- Problem requirements -
Exactly the lines from the start of the data below through the line containing "Architectural Accessibility In" must be returned, and no others.

- Supplied data -
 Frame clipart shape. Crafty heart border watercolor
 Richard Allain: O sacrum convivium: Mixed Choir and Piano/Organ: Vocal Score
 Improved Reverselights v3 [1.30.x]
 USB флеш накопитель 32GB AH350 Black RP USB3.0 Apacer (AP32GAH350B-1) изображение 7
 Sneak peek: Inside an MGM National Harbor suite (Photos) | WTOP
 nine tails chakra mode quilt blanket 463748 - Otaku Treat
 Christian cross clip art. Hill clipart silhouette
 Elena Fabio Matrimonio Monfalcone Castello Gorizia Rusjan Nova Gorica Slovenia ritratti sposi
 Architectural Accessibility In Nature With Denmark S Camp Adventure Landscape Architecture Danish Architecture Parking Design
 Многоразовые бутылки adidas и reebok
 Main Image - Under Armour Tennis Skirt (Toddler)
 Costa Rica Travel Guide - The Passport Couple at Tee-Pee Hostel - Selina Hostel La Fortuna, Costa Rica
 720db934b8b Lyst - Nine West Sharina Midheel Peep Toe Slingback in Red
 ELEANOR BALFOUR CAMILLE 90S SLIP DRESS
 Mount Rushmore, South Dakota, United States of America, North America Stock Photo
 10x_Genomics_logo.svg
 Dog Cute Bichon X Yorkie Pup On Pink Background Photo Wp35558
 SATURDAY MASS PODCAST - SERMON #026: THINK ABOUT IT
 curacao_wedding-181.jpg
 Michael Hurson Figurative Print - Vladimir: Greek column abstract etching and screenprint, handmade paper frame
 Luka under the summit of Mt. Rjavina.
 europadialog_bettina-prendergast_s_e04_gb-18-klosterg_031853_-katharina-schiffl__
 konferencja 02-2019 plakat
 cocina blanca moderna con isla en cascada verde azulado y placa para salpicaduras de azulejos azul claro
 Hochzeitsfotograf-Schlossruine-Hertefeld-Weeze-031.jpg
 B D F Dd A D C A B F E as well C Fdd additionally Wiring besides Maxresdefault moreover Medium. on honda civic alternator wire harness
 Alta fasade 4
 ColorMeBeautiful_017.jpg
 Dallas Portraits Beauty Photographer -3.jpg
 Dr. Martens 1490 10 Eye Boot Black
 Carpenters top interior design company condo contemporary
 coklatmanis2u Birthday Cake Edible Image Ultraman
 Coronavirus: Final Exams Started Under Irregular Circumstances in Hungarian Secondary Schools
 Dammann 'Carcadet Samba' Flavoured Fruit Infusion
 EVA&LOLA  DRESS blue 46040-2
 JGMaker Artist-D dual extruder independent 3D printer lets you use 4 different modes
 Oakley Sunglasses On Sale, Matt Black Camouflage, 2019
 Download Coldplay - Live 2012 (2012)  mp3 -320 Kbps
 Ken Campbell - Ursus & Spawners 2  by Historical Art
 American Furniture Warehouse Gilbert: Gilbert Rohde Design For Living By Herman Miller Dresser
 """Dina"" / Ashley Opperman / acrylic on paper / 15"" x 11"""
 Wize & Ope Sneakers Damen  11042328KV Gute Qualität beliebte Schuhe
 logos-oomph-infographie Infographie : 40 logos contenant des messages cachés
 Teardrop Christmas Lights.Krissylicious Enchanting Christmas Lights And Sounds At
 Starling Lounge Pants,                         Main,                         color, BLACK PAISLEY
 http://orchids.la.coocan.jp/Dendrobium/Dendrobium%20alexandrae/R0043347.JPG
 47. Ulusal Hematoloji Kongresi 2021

- The answer -
 Frame clipart shape. Crafty heart border watercolor
 Richard Allain: O sacrum convivium: Mixed Choir and Piano/Organ: Vocal Score
 Improved Reverselights v3 [1.30.x]
 USB флеш накопитель 32GB AH350 Black RP USB3.0 Apacer (AP32GAH350B-1) изображение 7
 Sneak peek: Inside an MGM National Harbor suite (Photos) | WTOP
 nine tails chakra mode quilt blanket 463748 - Otaku Treat
 Christian cross clip art. Hill clipart silhouette
 Elena Fabio Matrimonio Monfalcone Castello Gorizia Rusjan Nova Gorica Slovenia ritratti sposi
 Architectural Accessibility In Nature With Denmark S Camp Adventure Landscape Architecture Danish Architecture Parking Design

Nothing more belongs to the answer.